# The Final Stage for my car



## BBD (May 30, 2002)

Well I have finaly finished the car after almost a year for the engine rebuild.. and its been up and down working on it but here it is on its final stage.

PS* untill I decide I want to do something else to it.


----------



## matty32 (Dec 18, 2005)

Looks good, i would bin all that audio stuff in the back but thast just me


----------



## Demon Dave (Sep 15, 2002)

looks good! :smokin: 

engine is very shiny 

Guess you're not taking any passengers with that audio install 

One thing I did notice - are you no running any air filters?


----------



## BBD (May 30, 2002)

I would like to say thanks to the people involved in finishing the car before I start the mod list.

Prospec for all their services and the parts
Alan & Andrea for talking me into finishing the damn thing
[email protected] GT-ART for bearings tech info
The guys at the workshop for fitting the engine in
And the GTROC of course the best Skyline fourm on the net.

Mods
HKS Cams
HKS springs
HKS cam sprokets
HKS Pistons
HKS Con
HKS Forged crank
HKS/ATI Damper
HKS T51R Kai BB kit
Jun crank Stud
Jun Oil Pump
Jun Sump
Tomie head studs
Greddy I/C
Greddy intake
Greddy fuel rail
N20 direct port 120hp
Nismo N1 block
Nismo water pump
Nismo Type R Suspentions
Nismo Sturt bar
Nismo Sway arms
Nismo Circuit links
Nismo Twin plate clutch
Nismo Brake pads
Brembo F50 brake calipers rotors
Custom Radiator
Cusom Oil cooler(s)
Sard 700cc injectors
Boschx2 pumps
Apexi PFC
RB25 AFM's
Blitz front bumper
Blitz side steps


am sure am forgetting somethings as well but am sure you heard all the above a million times and now am included in the soup mix  nice to be back


----------



## BBD (May 30, 2002)

"One thing I did notice - are you no running any air filters? "

The in the box and I just finished the car couldnt stop driving it did 200km with it  still runnin in

Ohh yes and this car is being built for circuit racing the stero will go for a roll cage in November am planning on destroying all production cars with it this time around no excuses


----------



## 33truballa33 (Apr 8, 2006)

amzaing looking car.


----------



## GTRJack (Aug 27, 2005)

Very cool!

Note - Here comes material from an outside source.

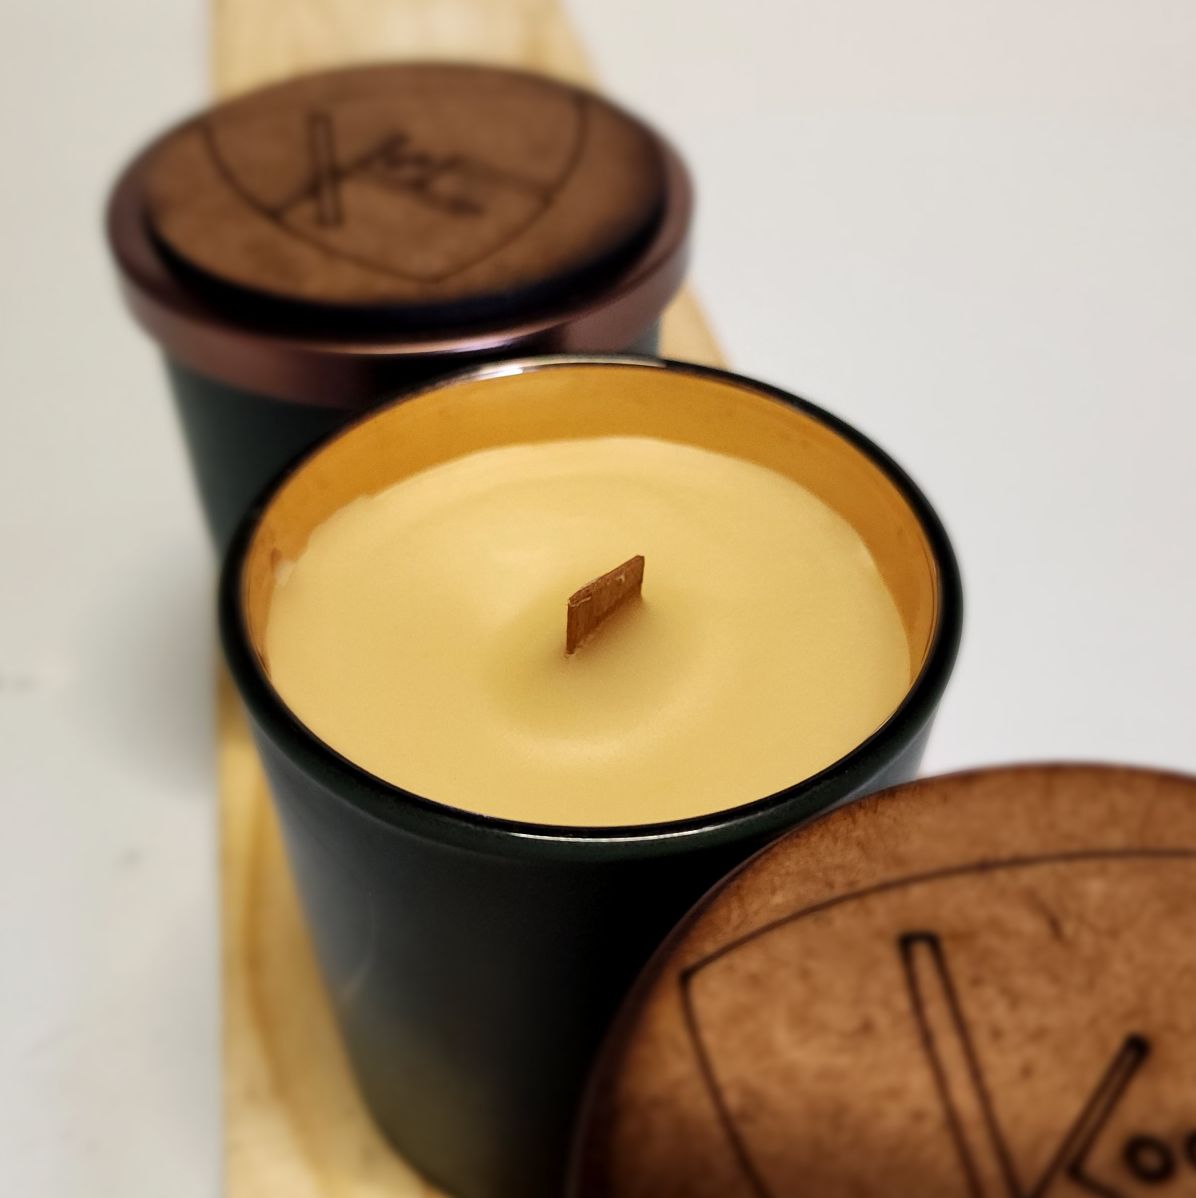 Beeswax Candle with Wooden Wick - Heartwood wildflowers and

Massive airintakes at the front there  How much power?


----------



## vennuth (Aug 2, 2001)

Fantastic, lovely car.


----------



## BBD (May 30, 2002)

"Massive airintakes at the front there How much power?"

Those are just to cool down the oil going to the engine,,2 oil coolers running in a seires ever try running a Skyline in 35C + weather on a race track? I honestly didnt want to do it but getting the car to perform a good 20-30 mins on the track here requires a lot of cooling and I been threw many setups with radiators fans coolers etc and honestly this one worked for me last time around on my old setup. I wish we can have 20c weather here but thats almost impossible at day time.

As for how much Hp the car is making now. No idea guess I have to wait and see but hopeing for around 550-600 reliable.


----------



## cokey (Sep 11, 2003)

Hi Mo,
Its been a whilst mate.
The car looks great , I thought the Ice would have been taken out ages ago.
Remember my drunk mate tried to get in the back and nearly sat on it, till we flung him in the taxi !
How familiar are you with the track now ?
When I was last out it was just a model !
Will give you a call soon.
best wishes cokey


----------



## Bean (Oct 12, 2001)

Nice to see you back.
Car looks great - now you can go and enjoy it


----------



## DCD (Jun 28, 2001)

Great to hear the car is finished! 2 oil coolers should offer decent cooling but temps will no doubt get high. Have you considered fitting a CO2 tank for cooling of i/c and oil coolers?


----------



## Perra (Jan 6, 2002)

Moe mate, glad to see you´re back! Do you remember these:




























Click here to see the fullsize versions.

BTW, how did it go with your cartingcareer? Did you kick that guys butt on track that you were talking about when I visited?  

/P


----------



## jasonchiu (Mar 8, 2006)

what kinda music do u listen to?


----------



## markpriorgts-t (May 23, 2004)

http://i64.photobucket.com/albums/h195/BBD_photos/29bb06bc.jpg

How Familier is that to us?


AN EMPTY FUEL TANK LOL  

Car looks fantastic, must agree with the sounds tho not my cuppa tea


----------



## gtrlux (Mar 8, 2006)

. .Final Stage looks perfect . .so what are you gona do next? I bet you will not stay there with your hands inside your pockets.


----------



## ChristianR (May 31, 2005)

very nice, what power is she producing? and what is the red button for on steering wheel?


----------



## BBD (May 30, 2002)

cokey yes it has sure been a while nice to be back sorry we coulldnt meet up earlier this year but will try to do something over the summer  and will call you hopefully later this week.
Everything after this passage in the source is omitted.